# Streamer Leaders



## browntrout (Apr 27, 2008)

I have read that Kelly Galloup likes to use Maxima Chameleon 20# and Ultragreen 12# tied together for his streamer leader. I have read opinions that Chameleon can be visible and scare fish. Does anyone have a favorite brand (color) or leader material used for streamer fishing? Or should I just stay with clear mono?

Thanks---


----------



## DeadI (Sep 12, 2007)

I just use a piece of 8lb clear mono tied to the heave duty 20lb mono that is hooked directly to the fly line. Works great for me..


----------



## Grandpa D (Sep 7, 2007)

I just make a tapered leader with 4' of 20# mono tied to 3' of 15# mono, tied to 2' of 10# mono. I add about 2' of either 8# or 6# tippet to the 10# and that gives me a leader that's about 11' long.
I will use fluorocarbon tippet some of the time but usually just mono fly tippet.


----------



## blackdog (Sep 11, 2007)

I use the same leader as Galloup except just the regular Maxima ultragreen. About 20" of 20 lb. and 16" of 12 lb. Sometimes if I feel the need, I'll use 16" of 2x flouro instead of the 12 lb. A short leader so the sinking line actually makes your streamer sink.
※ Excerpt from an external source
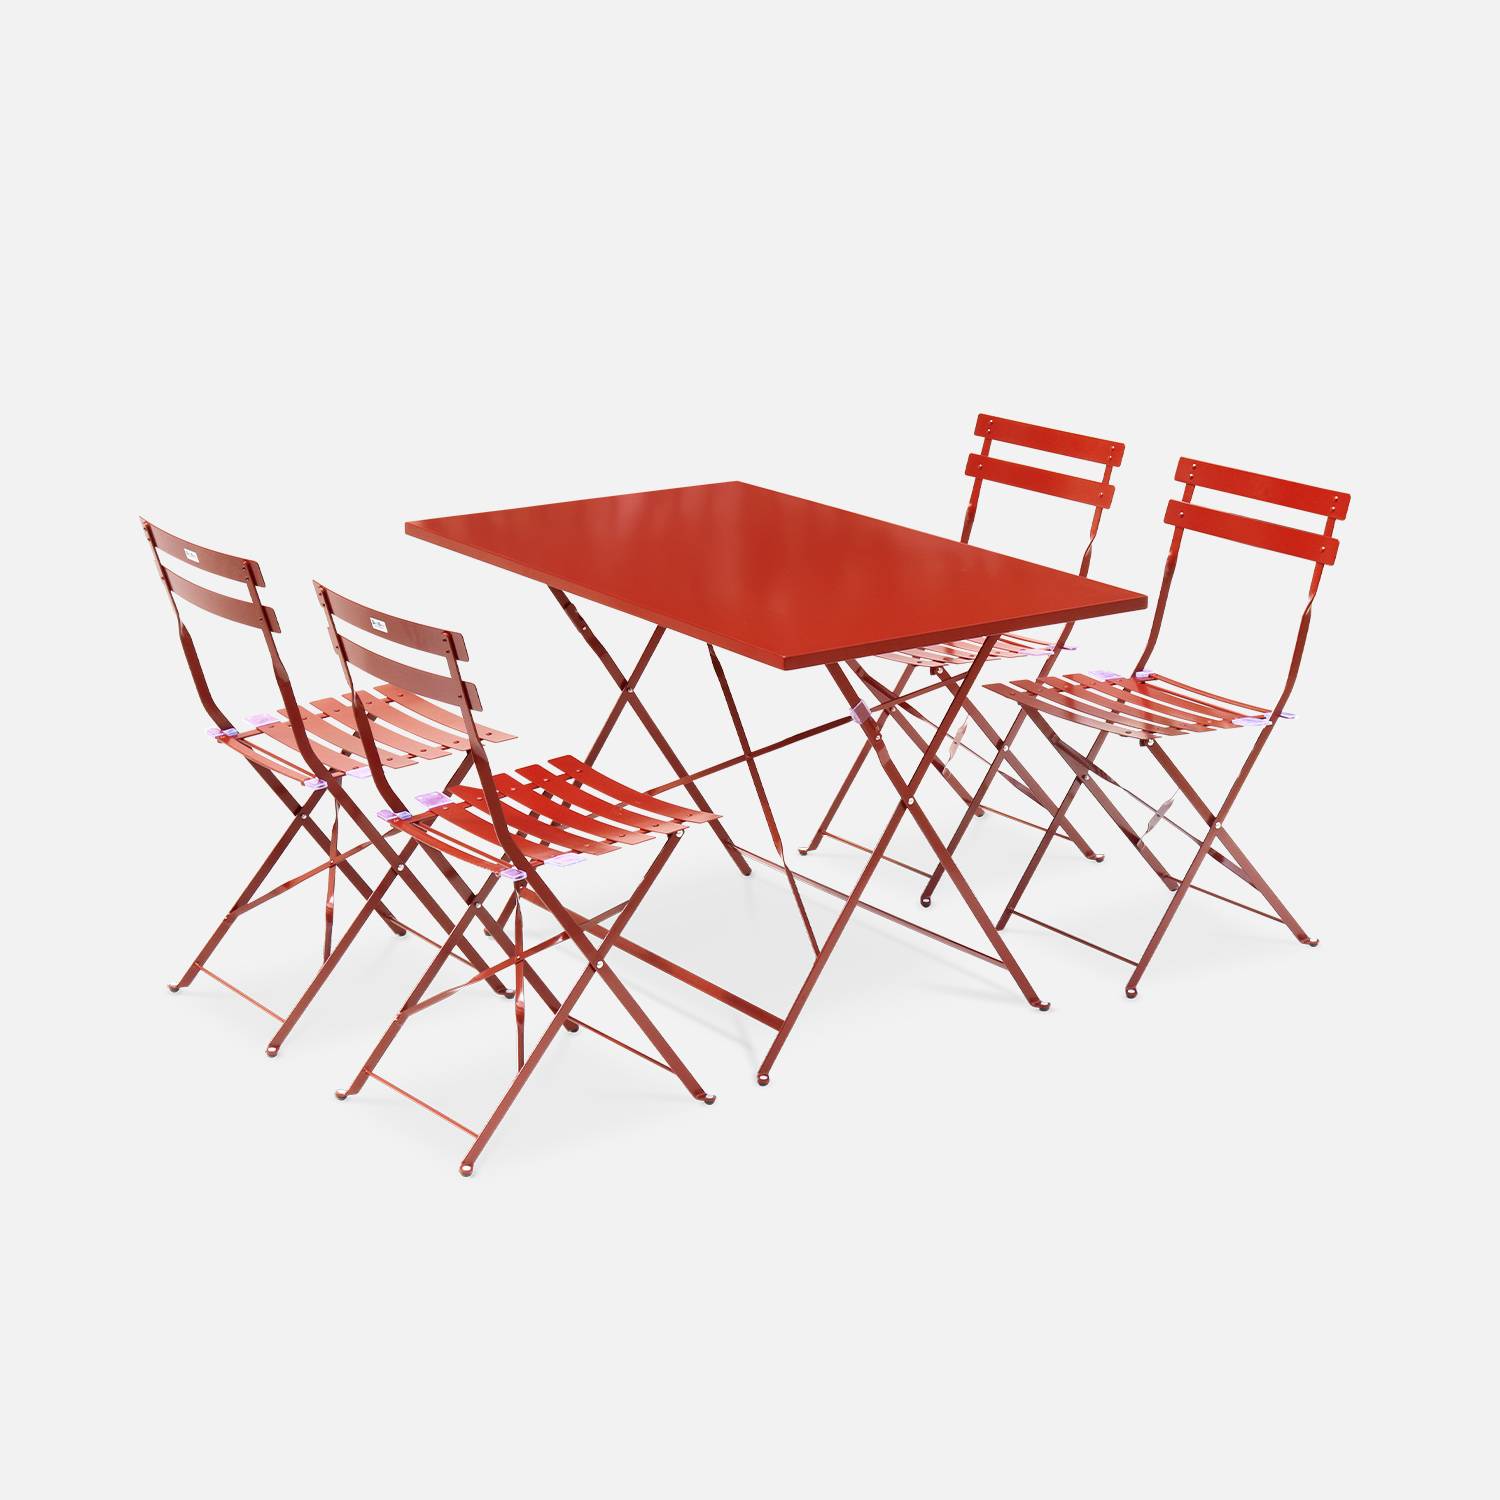 Tavolo da giardino, bar bistrot, pieghevole - modello: Emilia, rettangolare, colore: Terracotta- Tavolo, dimensioni: 110x70cm, con quattro sedie pieghevoli, acciaio termolaccato Photo2

Grandpa, doesn't having an 11' leader while streamer fishing just defeat the purpose of using a sink tip or sinking line.


----------



## Grandpa D (Sep 7, 2007)

Yes it does. If I'm using a sinking line, I just add 6' of 8# tippet.
The long leader is for river streamers and floating line.


----------



## Packfish (Oct 30, 2007)

I like the Maxima Chameleon- I can't believe that the fish shy from it- Streamer fishing mostly is based on feeding trout, agressive behavior, prey instincts- not much time to have that going thru their head and then decide " hey I see that line".


----------